These bottles were removed from all offenders at PCC, these bottles contained
minute or trace amounts which could not be positively confirmed as a controlled
substance. As the bottles were no longer utilized to preserve the original products
purchased, there would be no need to maintain such packaging.
(ECF No. 121-6, P. 8). Plaintiff then filed a Grievance Appeal with the Division Director, and
on April 4, 2012, Deputy Division Director Kempker responded as follows:
Further inquiry was made with PCC in regards to this matter. Information was
received that the bottles of cologne and prayer oil that had been confiscated from
offenders at PCC on/around 11/01/11 contained very small amounts of prayer oil
or cologne and such ended up being disposed of and were not referred to the
Highway Patrol’s Criminal Laboratory for testing. The prayer oil had been
donated by an outside source; however, review of your canteen spends for 2011
indicates that you purchased one bottle of Joop fragrance on 7/11/11 for $3.11.

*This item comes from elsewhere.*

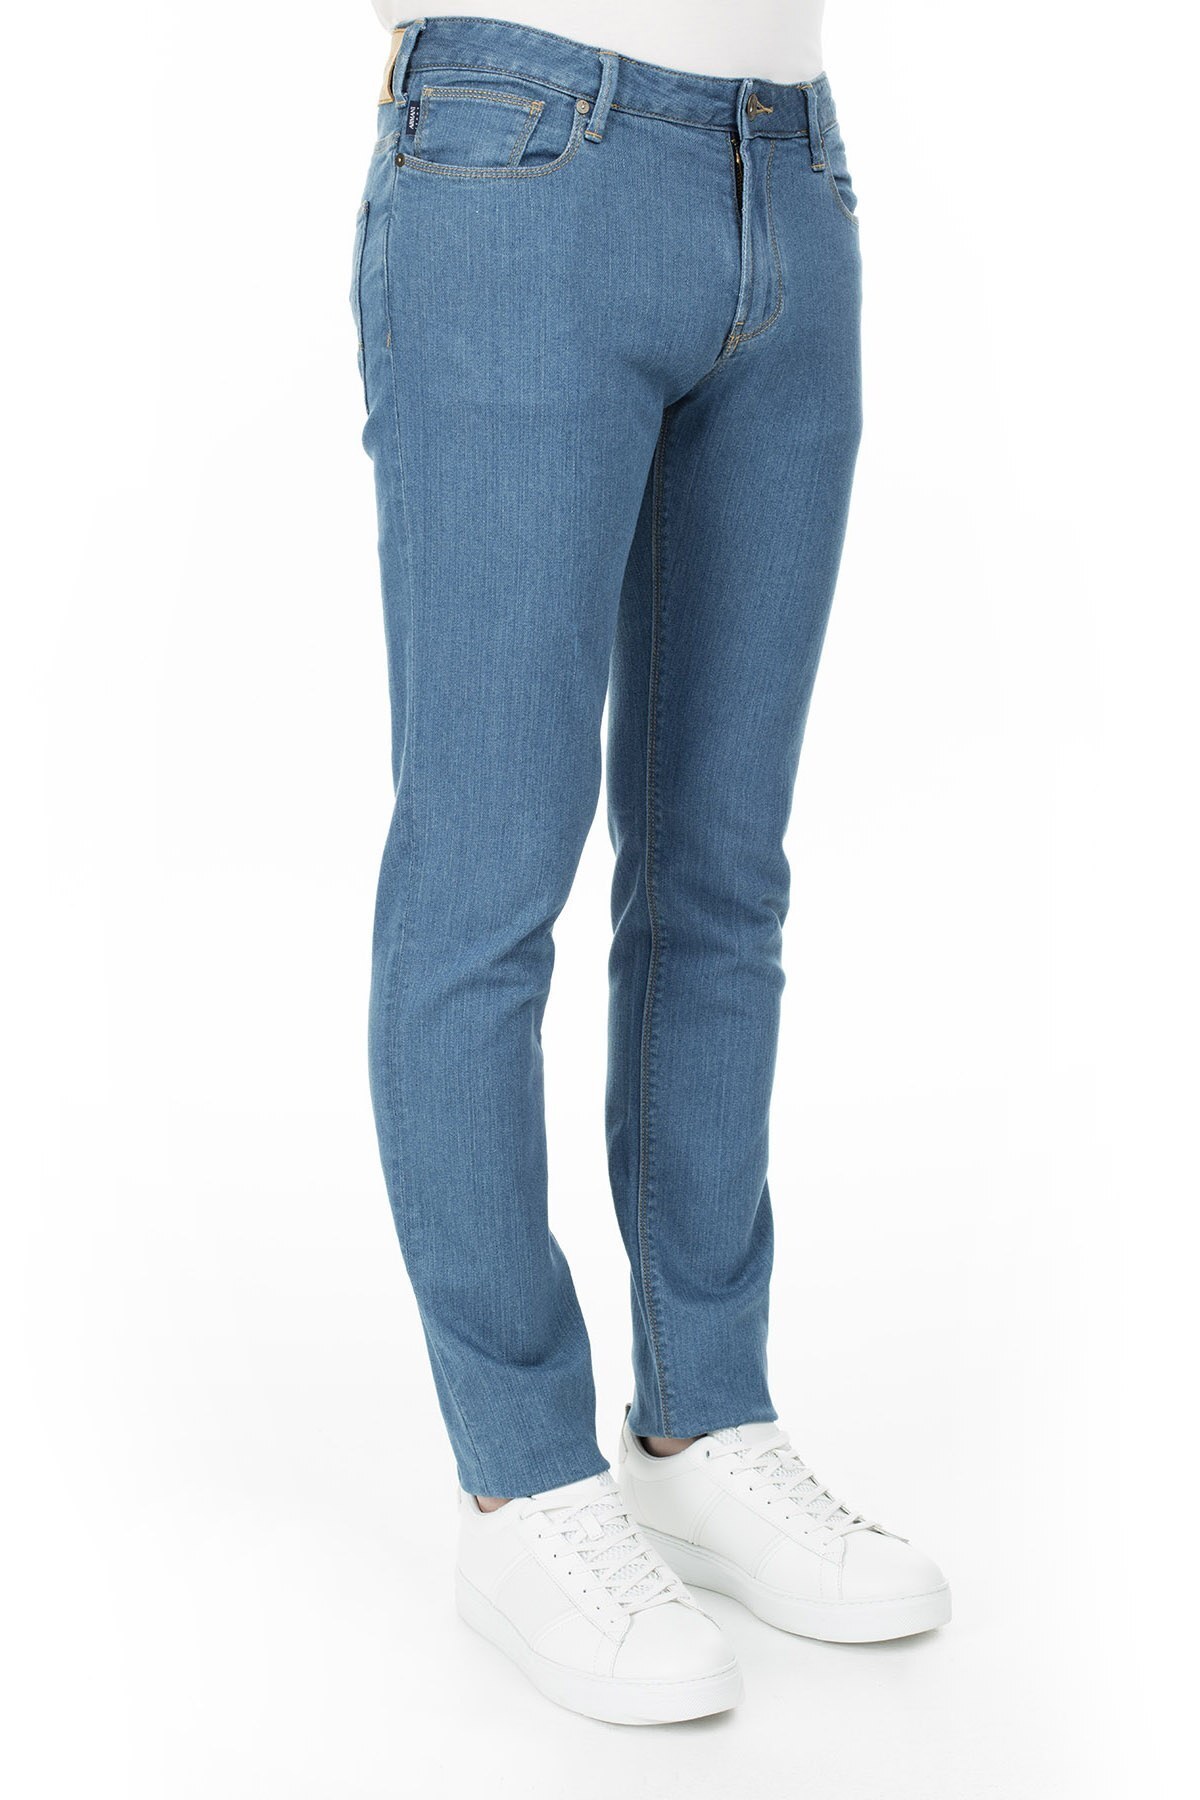 Armani J06 Jeans Erkek Kot Pantolon 3Y6J06 6DBQZ 1500 MAVİ

You indicate at the IRR level that the bottles confiscated from you were
approximately half full; therefore, I direct for $1.55 to be credited to your inmate
account for reimbursement of the confiscated bottle of cologne. You will not be
reimbursed for the prayer oil since it was donated. This should resolve your
complaint.
(Id., P. 2).
9
Plaintiff denies Defendants’ claim that Hall had been verbally instructed to remove items such as prayer
oil and cologne. (ECF No. 121, ¶ 58; ECF No. 136, ¶ 58).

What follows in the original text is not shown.